= Capital Market and Financial Institutions Supervisory Agency =

Capital Market and Financial Institutions Supervisory Agency (Badan Pengawas Pasar Modal dan Lembaga Keuangan) (shortly BAPEPAM-LK) is an institution under the Ministry of Finance (Indonesia) tasked with fostering, regulating, and supervising day-to-day capital market activities as well as formulating and implementing policies and technical standardization in the field of financial institutions. The current Chairman of Bapepam-LK is Nurhaida.

Bapepam-LK was a merger of the Capital Market Supervisory Agency (Bapepam) and the Directorate General of Financial Institutions. Currently, Bapepam-LK is replaced by the Financial Services Authority (Indonesia) (OJK) since the enactment of Law of the Republic of Indonesia Number 21 of 2011.

==Functions==
The functions of Bapepam-LK are:
- Formulation and enforcement of regulations in the field of primary and secondary capital markets
- Enforcement of regulations in the capital market
- Guidance and supervision of parties obtaining business license, approval, registration from the Agency and other parties engaged in the capital market
- Determination of the principles of corporate disclosure for Issuers and Public Companies
- Settlement of objections filed by parties imposed sanctions by the Stock Exchange, Clearing and Guarantee, and Depository and Settlement Institution
- Determination of accounting provisions in the field of capital market
- Preparation of policy formulation in the field of financial institutions
- Implementation of policies in the field of financial institutions, in accordance with applicable laws and regulations
- Formulation of standards, norms, guidelines criteria and procedures in the field of financial institutions
- Providing technical guidance and evaluation in the field of financial institutions
- Implementation of the Agency's administration

== Organizational structure ==
Bapepam-LK consisting of 1 Chairman of the Agency and overseeing 1 Secretariat and 12 Technical Bureaus, where the scope of guidance and supervision includes aspects of capital markets, pension funds, insurance, banking and business financing services and venture capital.

The Bapepam-LK technical bureau consists of:
- Bureau of Legislation and Legal Aid
- Bureau of Research and Information Technology
- Inspection and Investigation Bureau
- Investment Management Bureau
- Transaction Bureau and Securities Institution
- Service Sector Company Financial Assessment Bureau
- Real Sector Company Financial Assessment Bureau
- Bureau of Accounting Standards and Disclosure
- Banking, Financing and Guarantee Bureau
- Bureau of Insurance
- Pension Fund Bureau
- Internal Compliance Bureau

==Bapepam-LK Authority==

The authority of Bapepam-LK is listed in Chapter II of the Capital Market Law (Undang-Undang Pasar Modal) (UUPM), which in outline covers about 9 areas, as follows:

a. Authority to issue business licenses for stock exchanges and supporting institutions

b. Authority to issue individual licenses for deputy underwriters, deputy broker-dealers, and deputy investment managers.

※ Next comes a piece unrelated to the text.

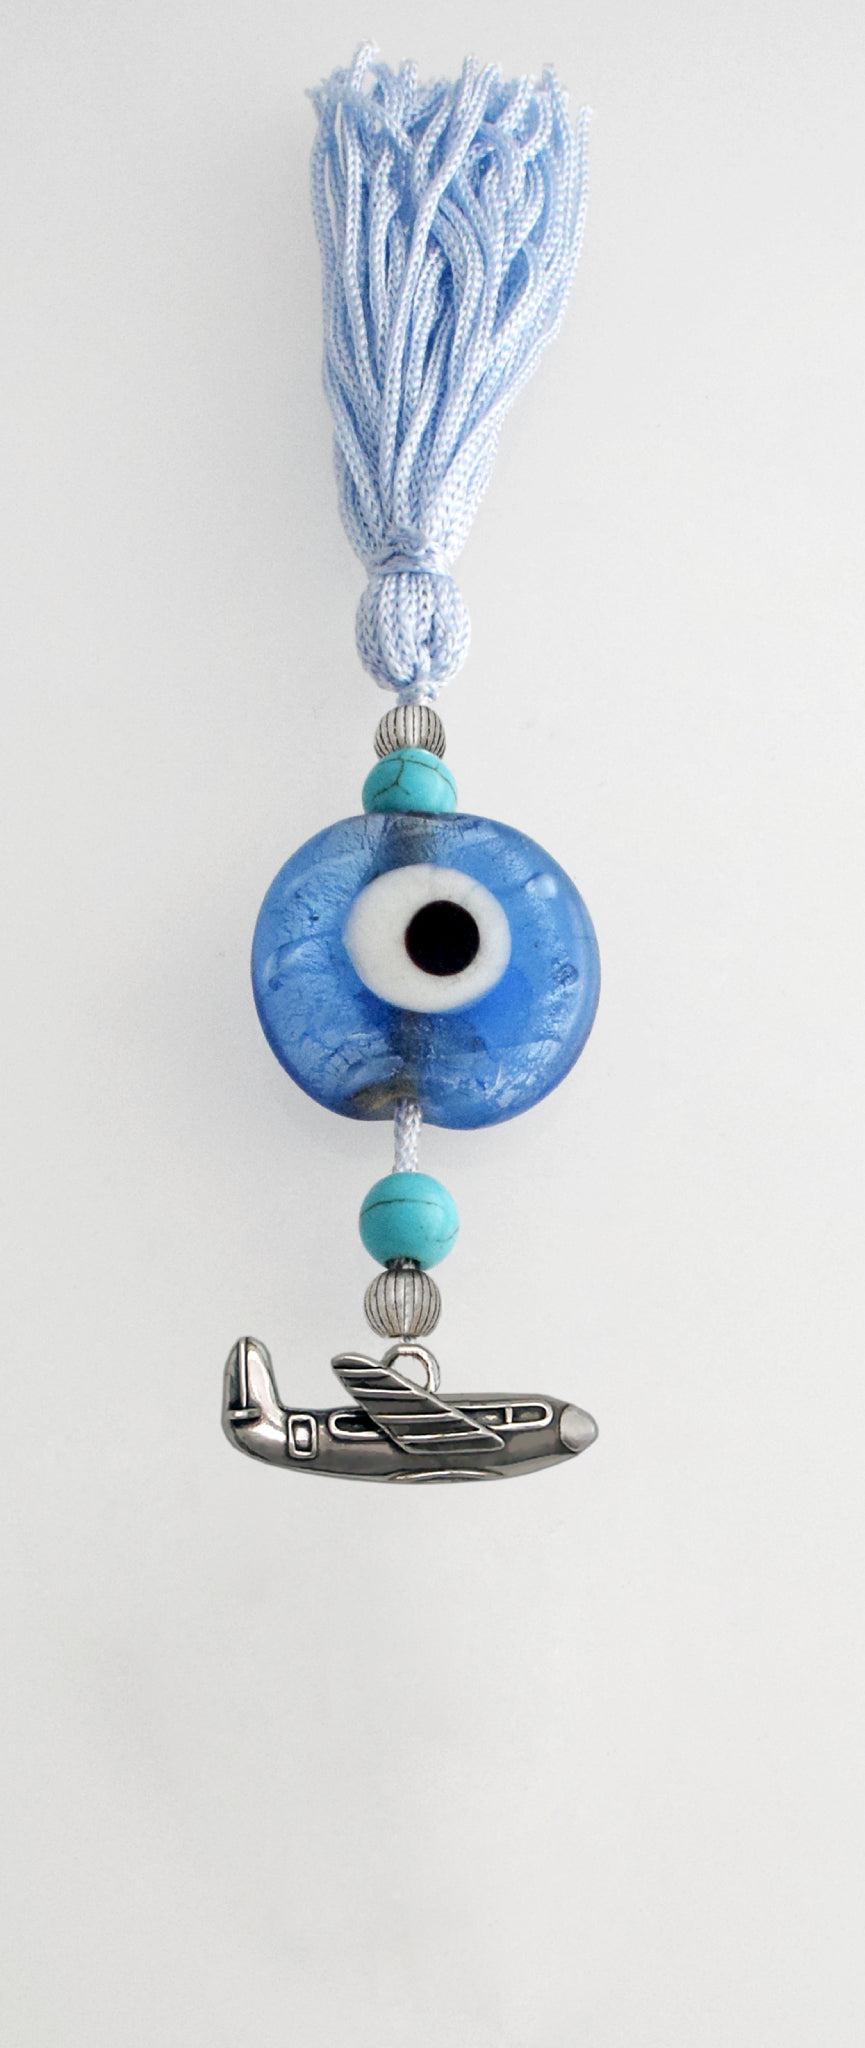 Evil Eye Charm on a tassel, House decoration, holiday decor, welcome gift, silver charm, Airplane Charm - ELEFTHERIOU EL

c. Authority to approve the establishment of a custodian bank

d. The authority to approve the nomination and dismissal of commissioners, directors, and appoint temporary management of stock exchanges, clearing and guarantee institutions, depository and settlement institutions until new commissioners and directors are elected.

e. The authority to examine and investigate each party in the event of a violation of the Capital Markets Law.

f. The authority to freeze or cancel the listing of certain securities

g. Authority to stop stock exchange transactions on certain securities

h. The authority to stop stock exchange trading activities in an emergency

i. The authority to act as an appeal institution for parties sanctioned by the stock exchange and clearing and guarantee institutions.